Sustainable technology start up ST2 says that it has exchanged contracts on land in Redcar, North East England as part of its plans for a new £100m data center.

The company says that the project will lead to the creation of around 400 jobs, pending a successful planning application.

The proposed area
The proposed area – Google

The next innovation

Talking to Datacenter Dynamics, CEO Anne Stokes said that the company has “a number of products that we’ve already brought to market that optimize how people use their power on a day by day basis.”

She continued: “We’re confidently looking for the next innovation… and data centers are prime, because they are quite energy intensive and therefore, if there’s anything you can do to help the business and the environment, look at how we can operate in a far more efficient way, it’s the right thing to do.”

Stokes outlined an ambitious target for the potential data center. She said: “We’re designing it from the ground up, so we will have the most energy efficient operation that has been designed. We’ve got a design PUE of 1.04 - now I hasten to stress it is the design PUE, you can’t actually test anything until the construction is all done, but that’s the status that we’ve gone with.

“And because it is a ground-up design, and we’re not retrofitting, we can look at the physical structure, the actual building itself, the way we build, the way we procure, how we look at our total life cost, even the carbon footprint of how we construct, because we’re going to use local. Everything is going to be local. It’s a good news story for the county, and it’s great for inward investment, and particularly confidence after the Brexit vote.”

Competing with giants

When asked how ST2 can compete with established players in the data center market, Stokes said that the company’s designers ”have challenged conventional thinking”.
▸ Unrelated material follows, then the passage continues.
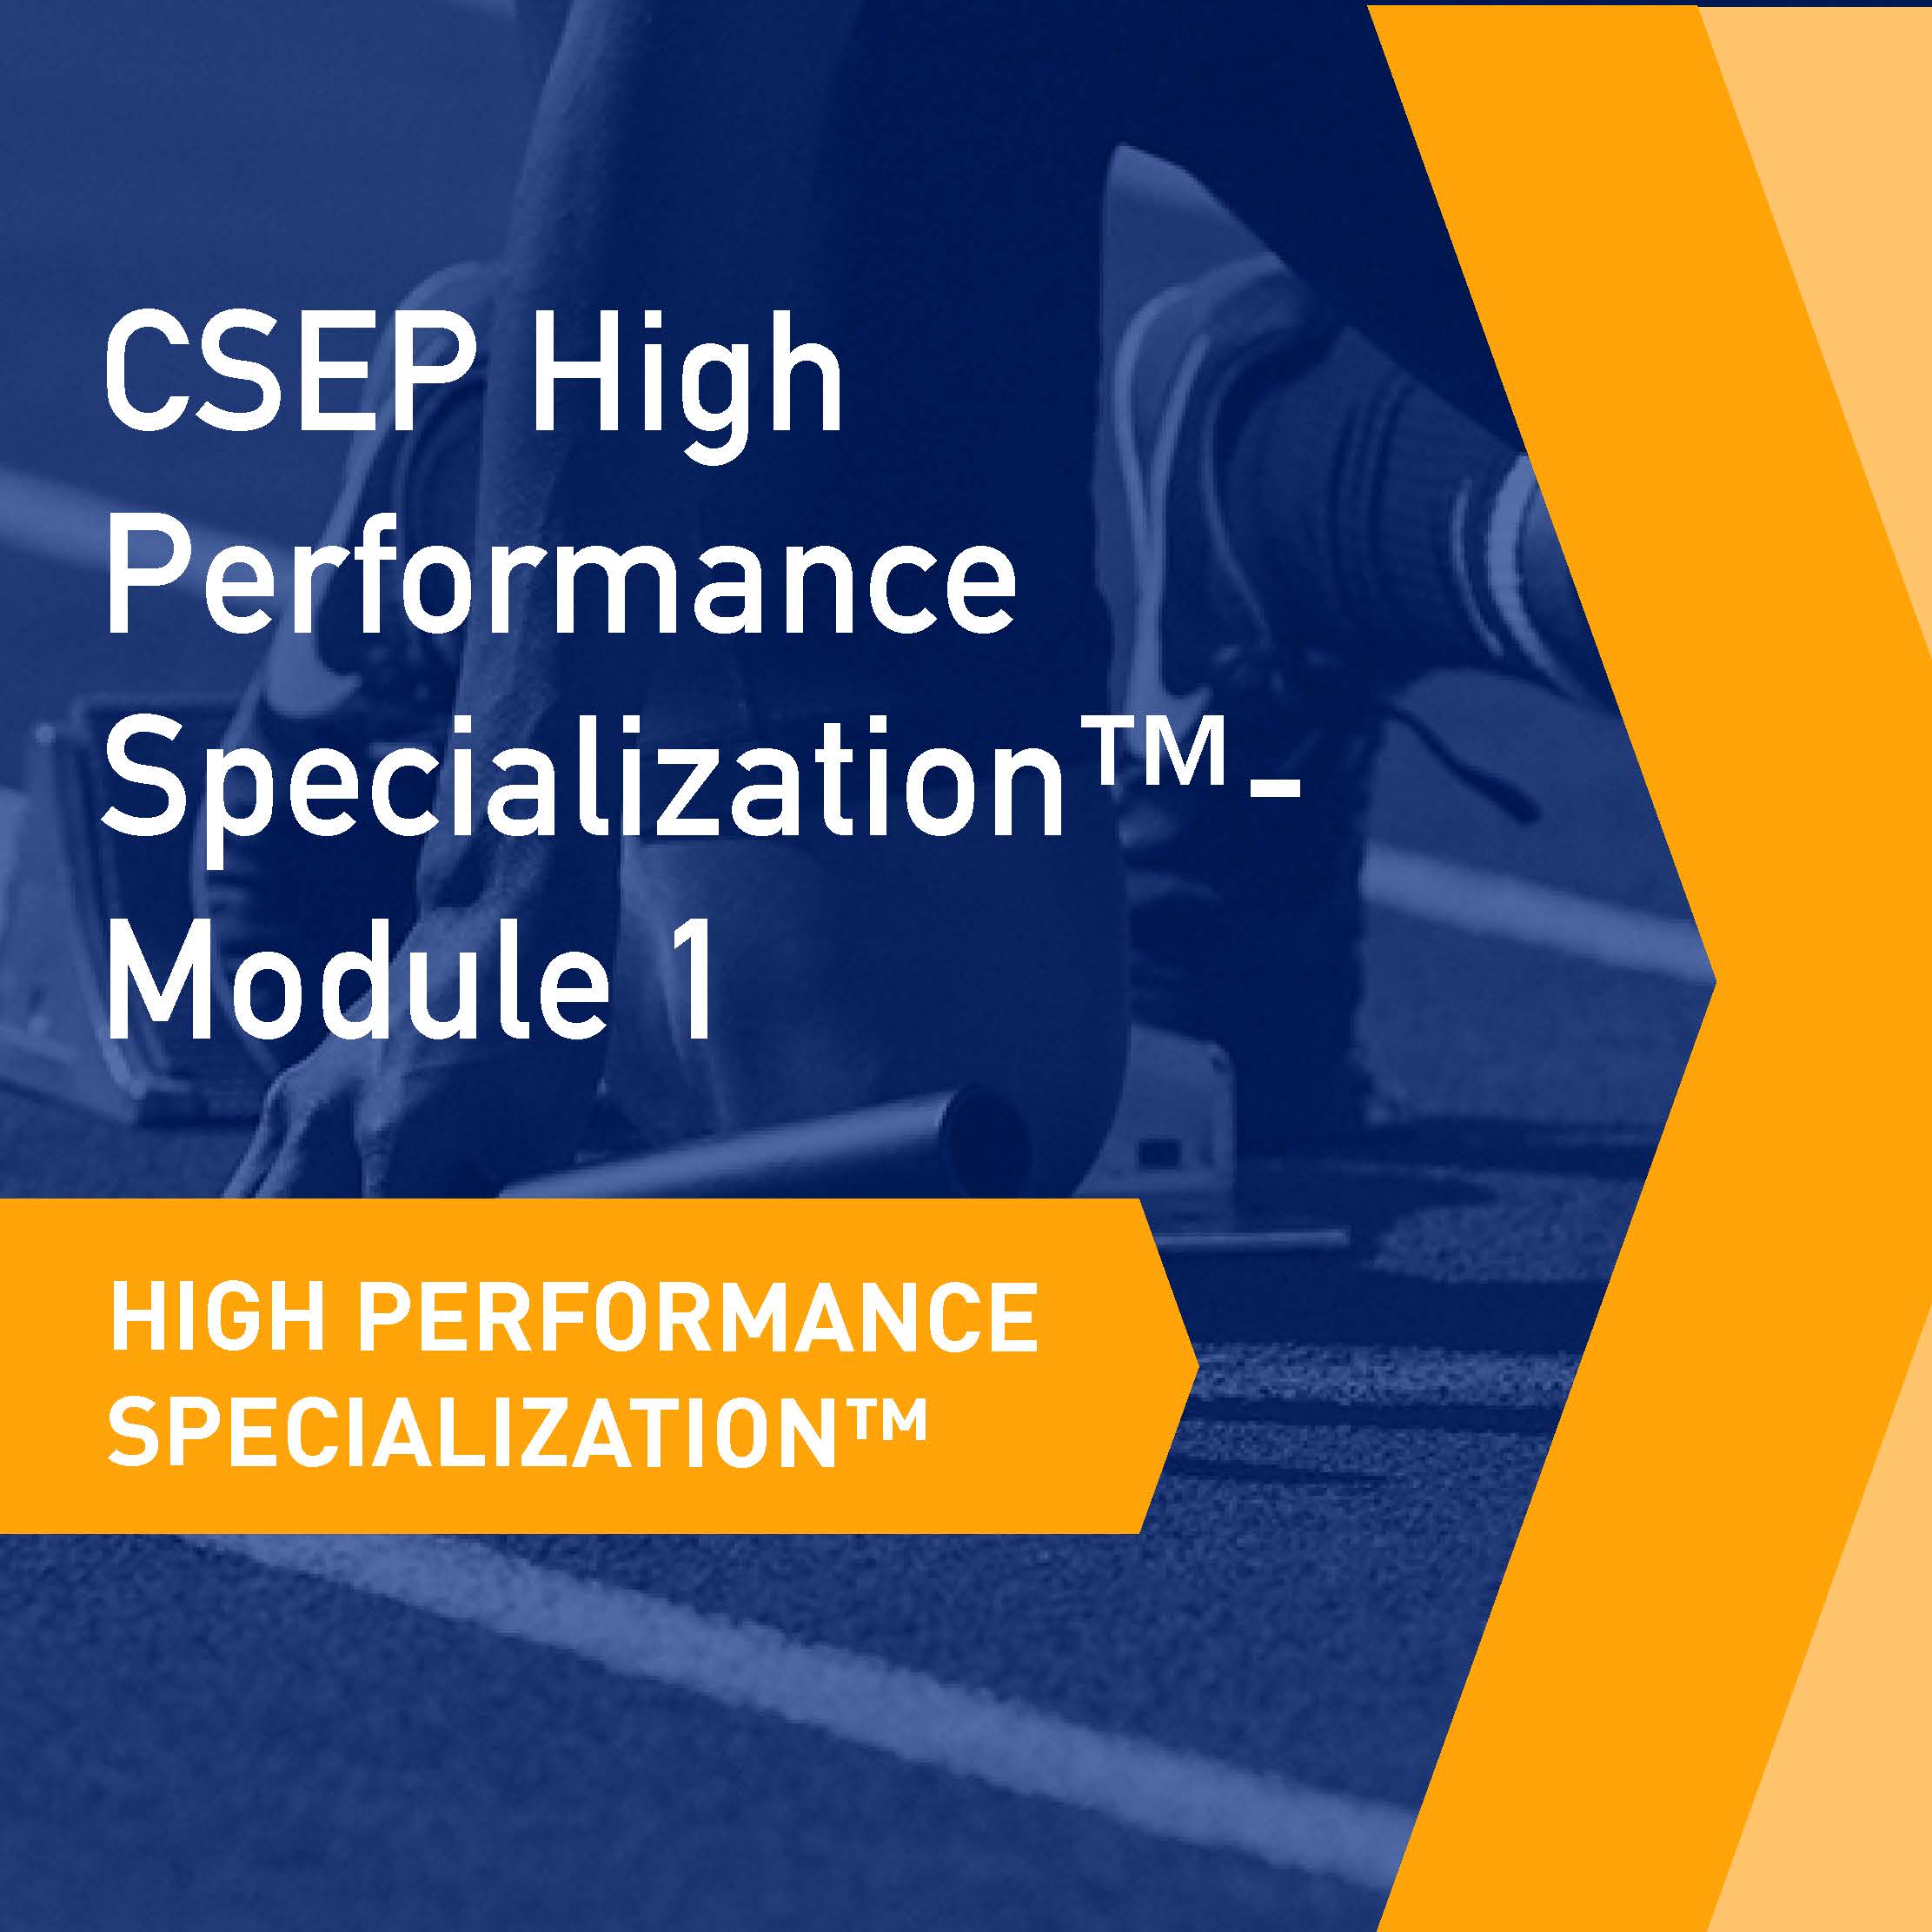 CSEP High Performance Specialization™ - Module 1: Physiology and Training Prescriptions for the Components of Fitness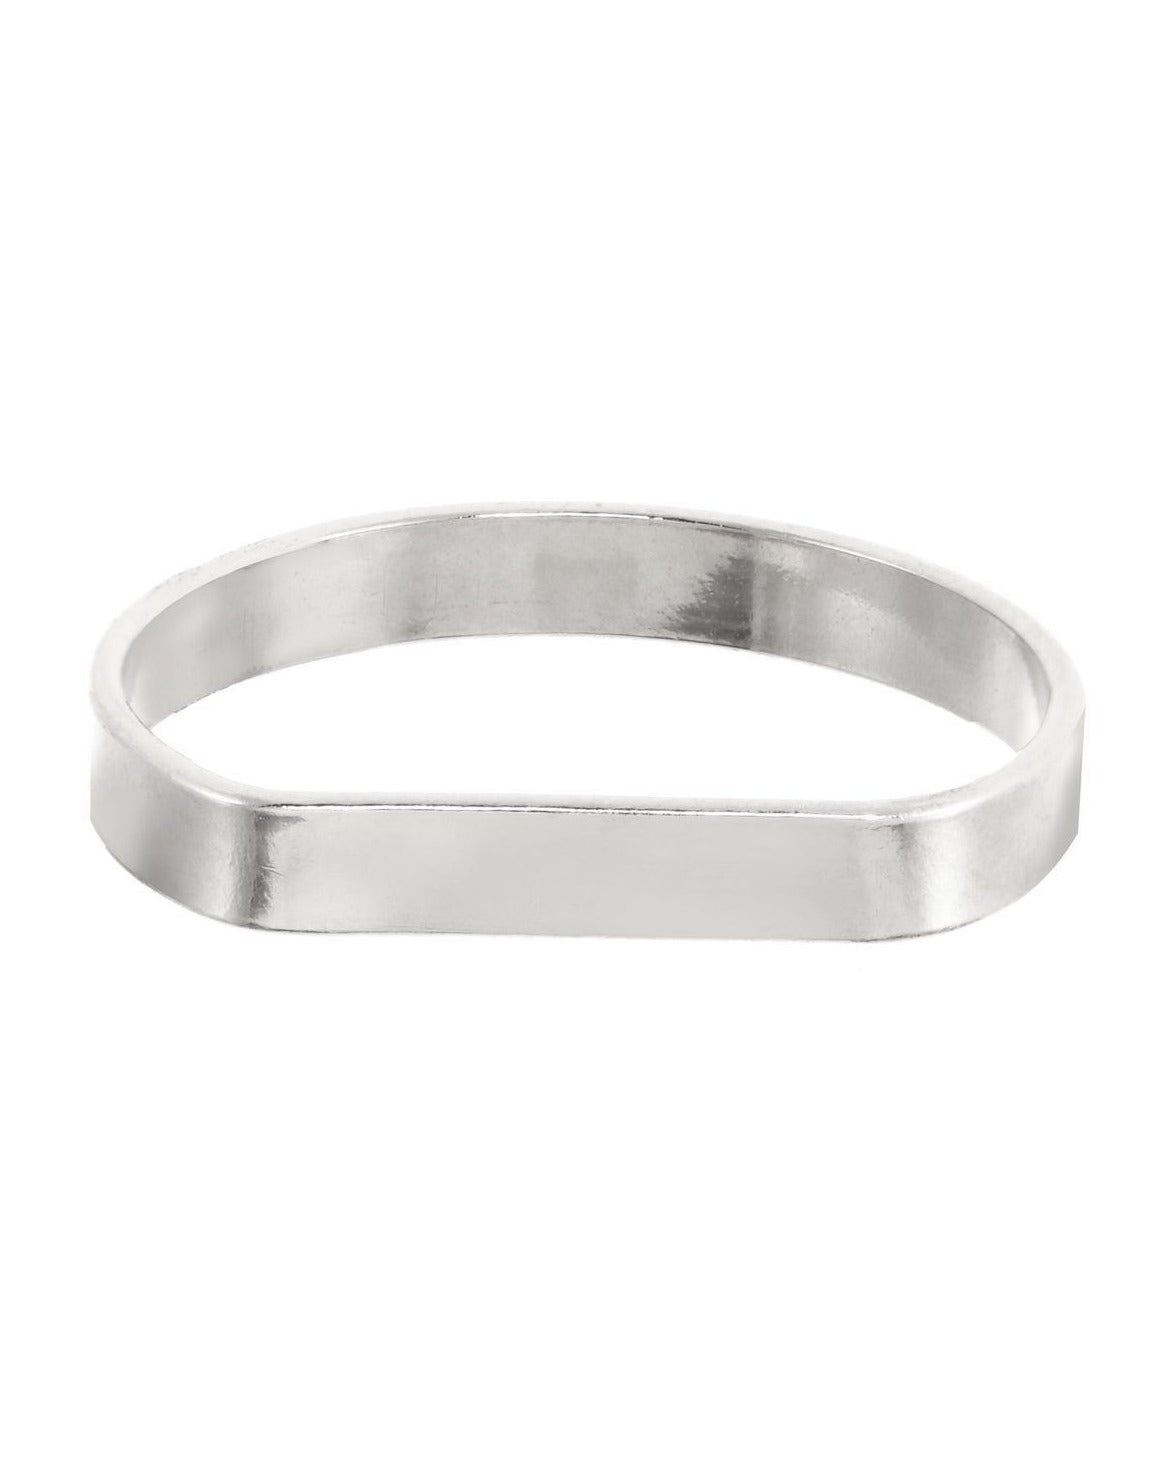 Plateau Ring by KOZAKH. A 2mm flat ring crafted in Sterling Silver.

“We have had a very, very clear brief around what we wanted to achieve, and if you’ve got your very clear brief right on day one on the objective of your design, then you tend to stay true to it.”

She also disagreed with the suggestion that it could be more expensive than a traditional data center. She said: “I would argue that it isn’t, I think, because we have had time to look at how we do this, ground up. And we’re not fettered by existing constructions, we’re not having to retrofit anything in, we’re not having to deal with legacy, we’ve actually been able to look at this with fresh eyes.”

For the construction to begin, ST2 first needs to complete its purchase of the land - currently in progress. Stokes said: “So first phase was to exchange on the land, which we did on the 22nd of July, and then we absolutely complete no later than the 31st of October.”

“We hope that we will be in a position where phase one of development will be available in Q2 of next year.”

Stokes also said that the 22nd saw ST2 file a planning application for the development, but DCD and the Redcar & Cleveland Borough Council have currently been unable to find the application.

ST2 has Robert Dover as Chairman, Kevin Timms as Group COO, Nikki Cole working on Risk and Audit, and includes ’Professional Company Director/Chairman’ Ken Hillen.

The project is funded by Roundshield, which describes itself as an independent investment firm focused on European asset-backed special opportunities.

Stokes is also the CEO of IT company Streamwire, IT firm EvEnt Computer Services, and the recently-formed Solas Energy.

She said of Solas: “That’s a new company that’s been set up looking at how we can create smaller power projects, where, if you’ve got a large piece of land that you are effectively restricted in terms of when you can develop it to residential or commercial, one of the power technologies that could be employed that would enable you to effectively create private power networks, and therefore you don’t have to rely on the grid. My concern is we are running very, very tight to our capacity for power in the UK, and I don’t want to do anything that’s going to make things worse.

“But I am also conscious of the fact that we’ve got an acute housing shortage and that’s only getting worse, and we need to be able to continue to - particularly after Brexit - look at how we are going to support UK PLC, so we’ve set up this new company to look at smaller power projects where we can look to create the independers that people would want. And that was set up a couple of weeks ago.”